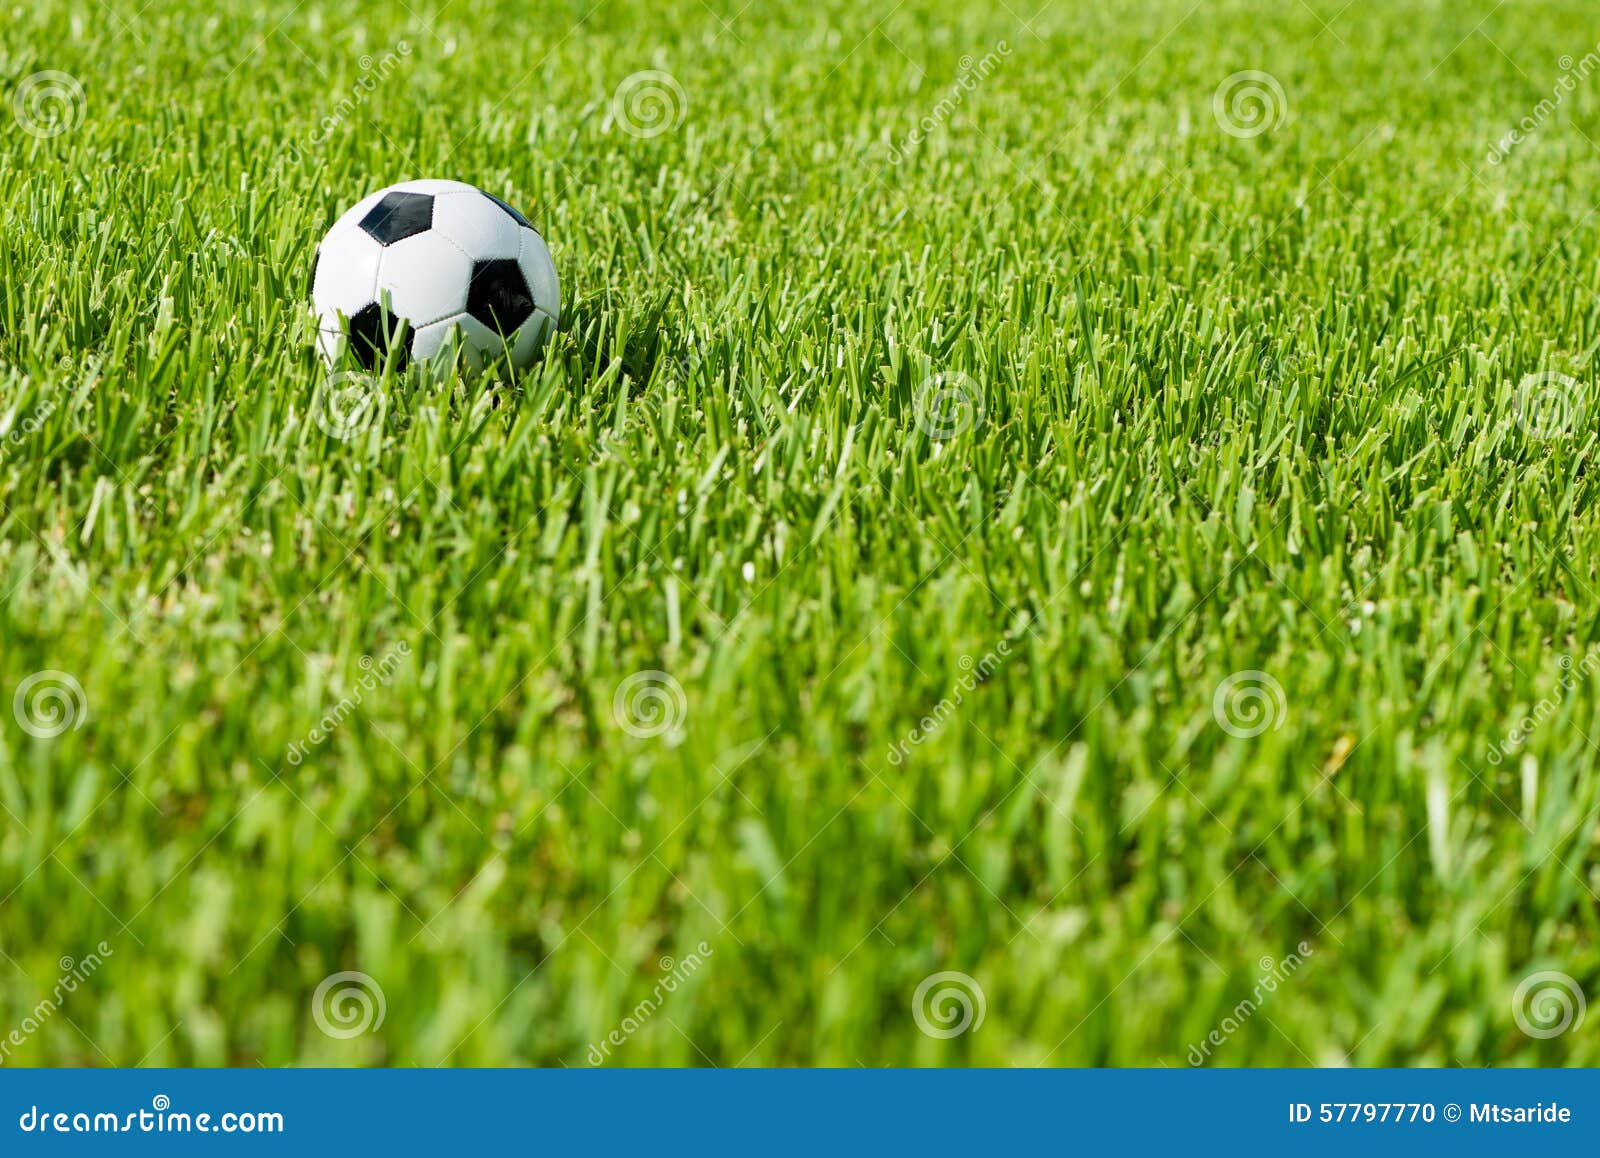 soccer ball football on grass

==

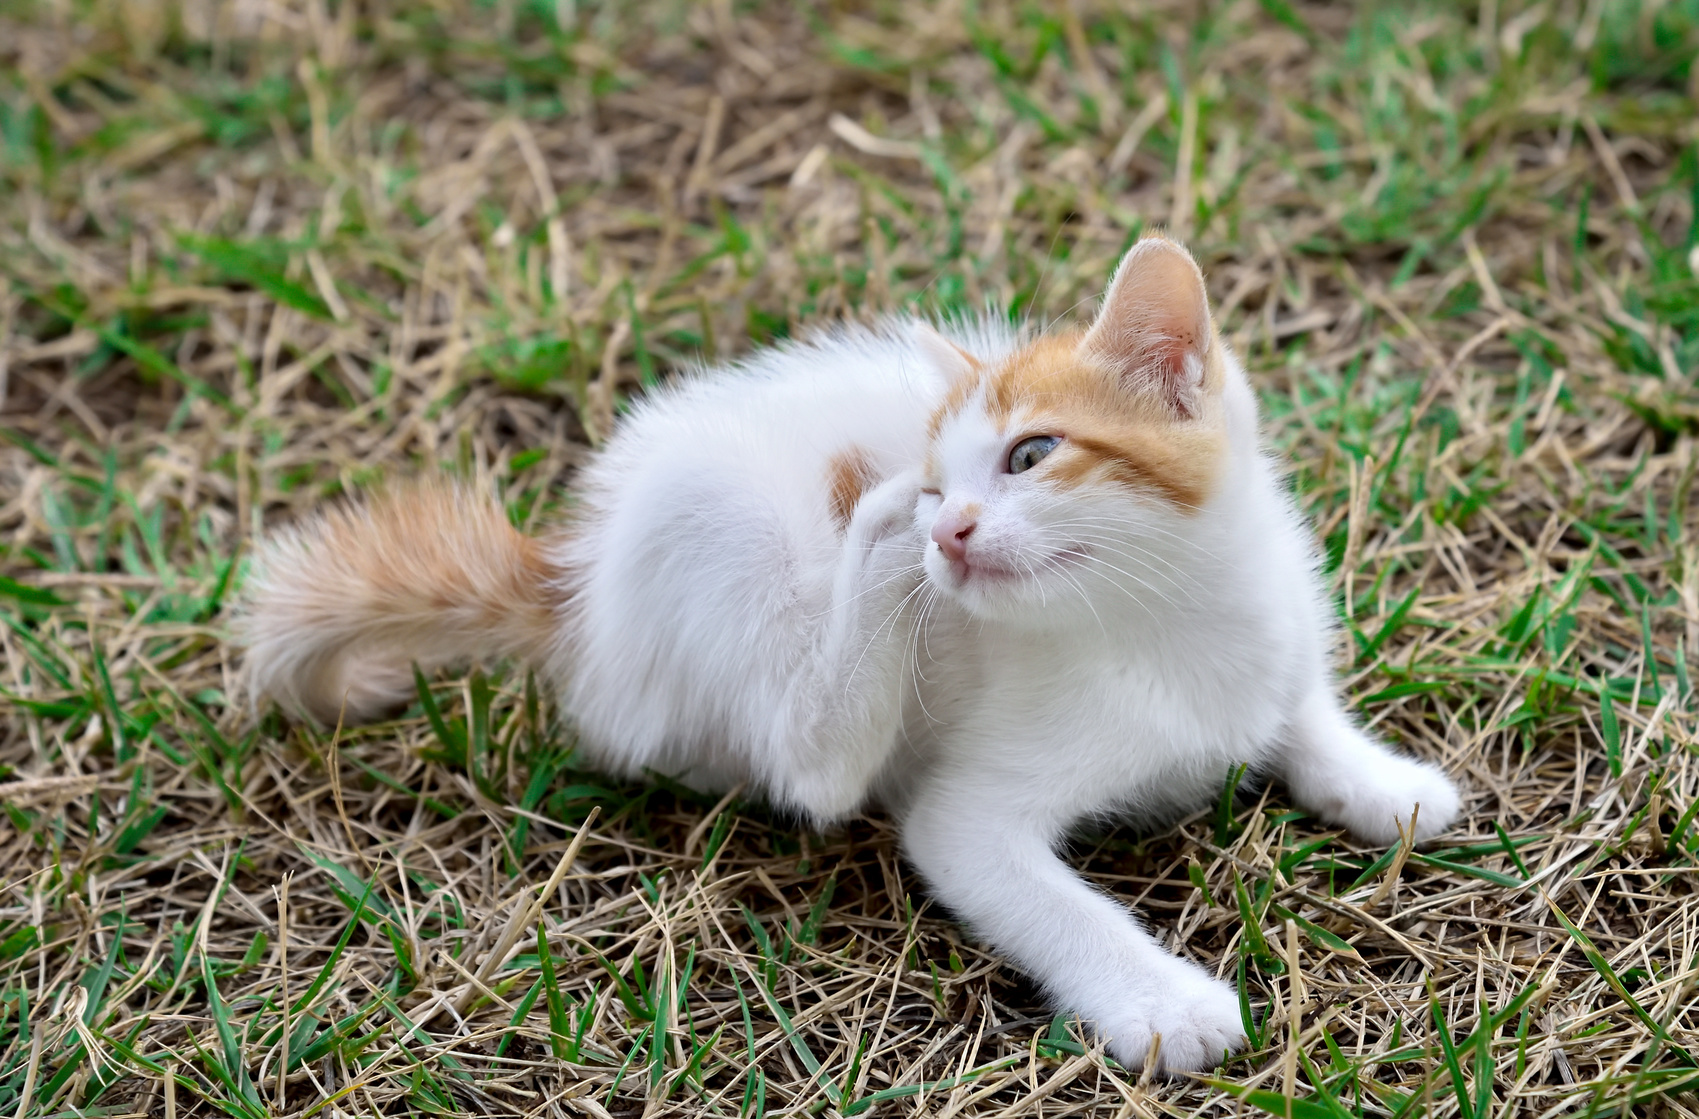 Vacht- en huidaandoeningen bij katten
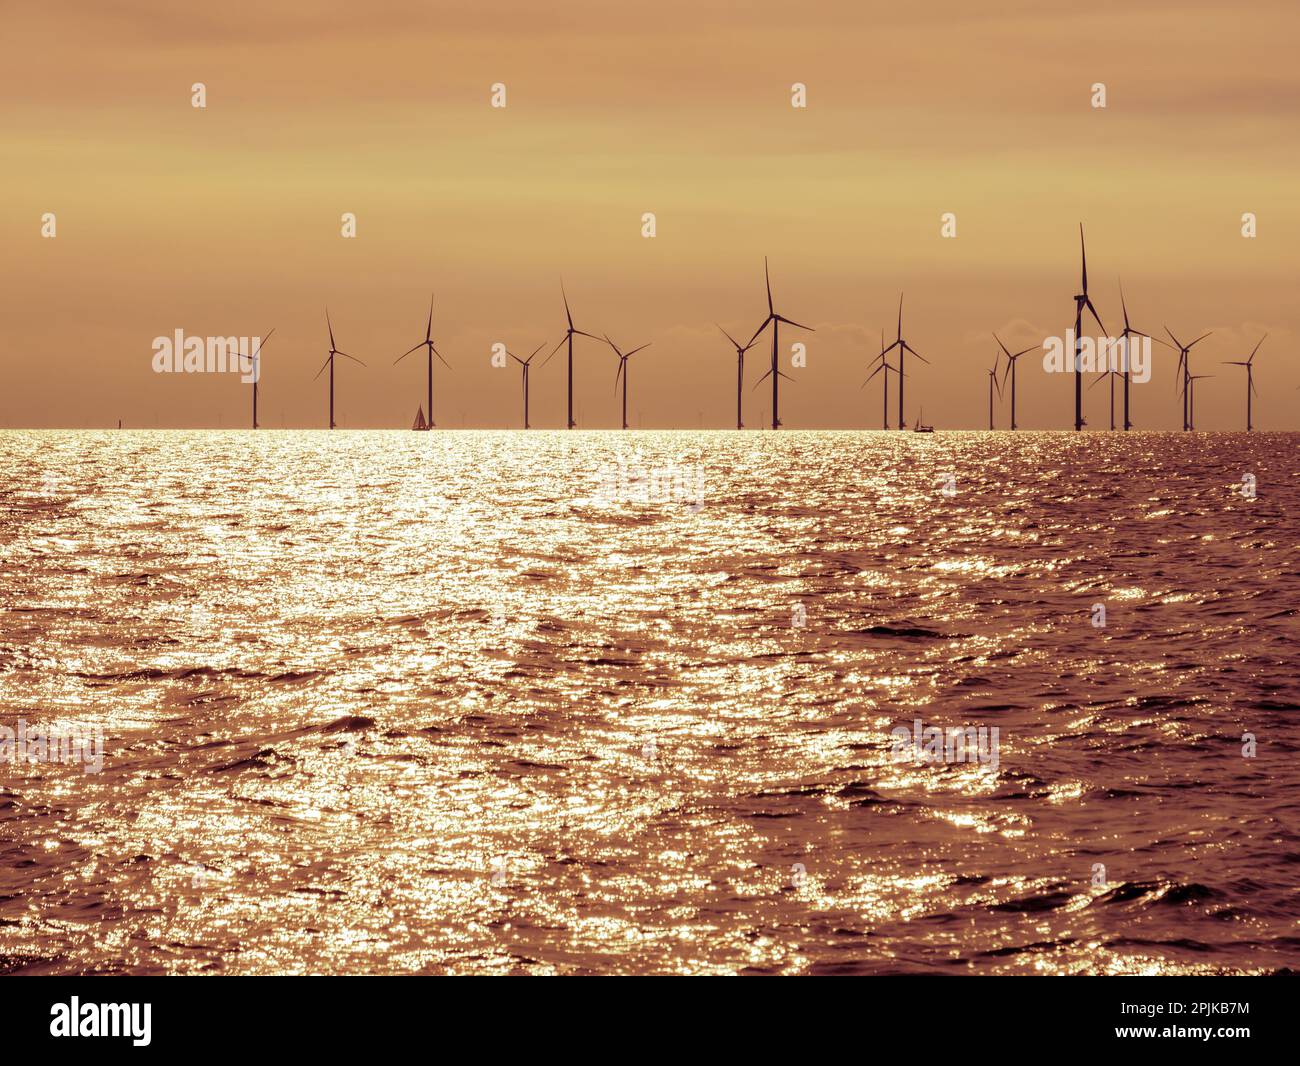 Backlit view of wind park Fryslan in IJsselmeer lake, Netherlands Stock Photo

## Exercise objective
What's needed is an exact copy of the lines above from the one with "Vacht- en huidaandoeningen bij katten" through the one with "Backlit view of", both included; the pictures stay out.

## Problem solution
 Vacht- en huidaandoeningen bij katten
 Backlit view of wind park Fryslan in IJsselmeer lake, Netherlands Stock Photo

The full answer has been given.